Это был спасательный круг, и он ухватился за него, как хватается утопающий.
Ничего не случилось, вот что означал этот ее обычный голос. Ничего не случилось, и мы можем быстренько забежать за эти самые «рамки». Это уже трудно, но пока еще возможно, и если ты выбираешь побег, я предоставляю тебе такую возможность. Давай. Беги. Путь свободен. Конвой смотрит в другую сторону.
И он предпочел побег.
Сейчас некогда было раздумывать, почему побег и от чего такого ужасного его смогут защитить эти «рамки», но одно он знал совершенно точно. Там, за ними, намного безопаснее, чем с этой стороны.
— Можно поговорить, — буркнул он, и Маша поняла, что спасательный круг принят. — Давай поговорим, Маш, а потом… разберемся.
Разбираться было не в чем, но она согласилась — потом так потом. Она всегда и во всем с ним соглашалась.
— Я шел сказать тебе, что мы должны немедленно уехать. Если он тебя видел, то не оставит тебя в живых.
— Мы не можем уехать, — возразила она. — Нас не отпустят. Только Кольцовы уехали, да и то потому, что они… Кольцовы! И вы это отлично понимаете, Дмитрий Андреевич!
— Да, — согласился он, — понимаю. Просто я за тебя испугался.
— А я нашла одну интересную статью.
— Какую еще статью, Маша?
— Вот тут. — И Маша разложила газету так, чтобы было видно, какую именно статью она нашла. — Это о национальном украинском искусстве и о национальной украинской литературе.
— Маш, ты о чем?!
— Дмитрий Андреевич, когда вы ушли, Нестор стал мне рассказывать, что Мирослава всем помогает, всех содержит и печатает сборники молодых поэтов, понимаете?
— Ничего не понимаю.
— Вот и я ничего не поняла, потому что он вдруг заговорил по-русски.
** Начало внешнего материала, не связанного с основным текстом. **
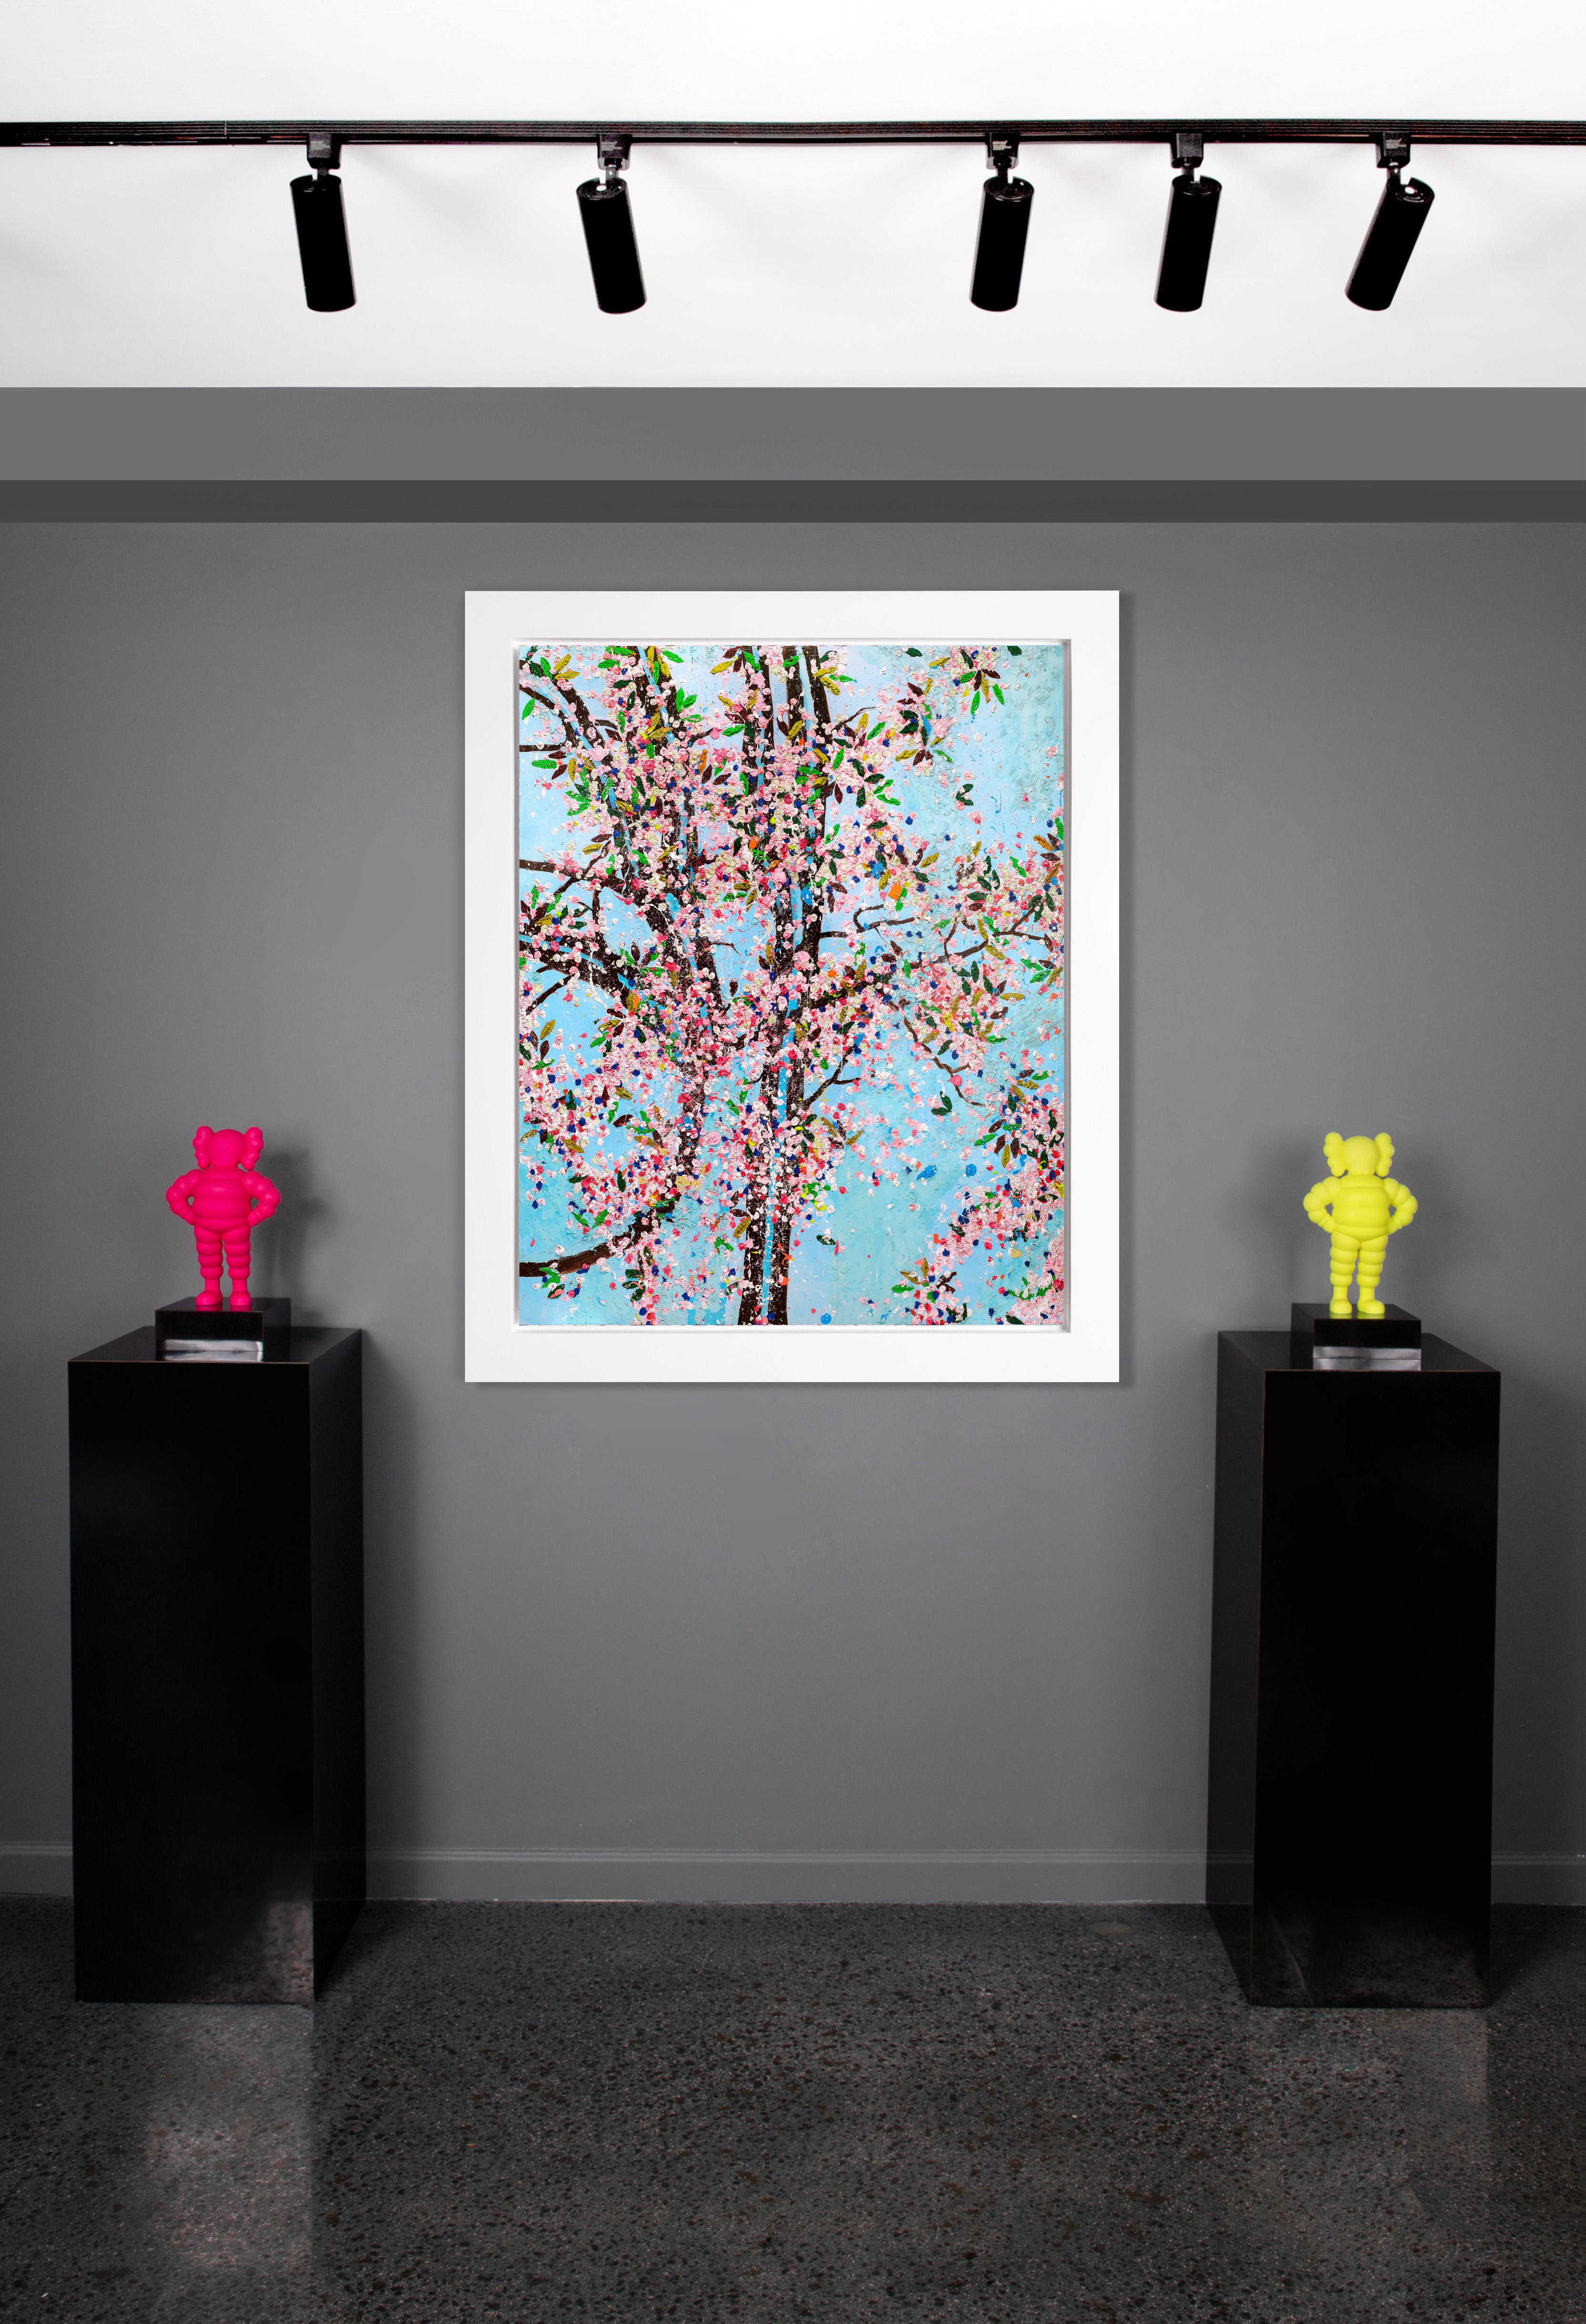 The contemporary pop art cherry blossom landscape ‘Courage' is one of the eight from the iconic ‘Virtues’ series by Damien Hirst, the laminated giclée print on aluminum panel was created in 2021 as a reflection of his latest exploration as a master

То все была «кава з вэршками», а то вдруг говорит совершенно нормально, и акцент совсем… незначительный. Он мне рассказал, какая Мирослава замечательная и что украинская литература жива и здорова практически только благодаря ей. В смысле, Мирославе Макаровне.
— Ну и что?!
— А то, что я вспомнила, что я где-то недавно видела и про возрождение национальной литературы, и про молодых поэтов, и про альманах.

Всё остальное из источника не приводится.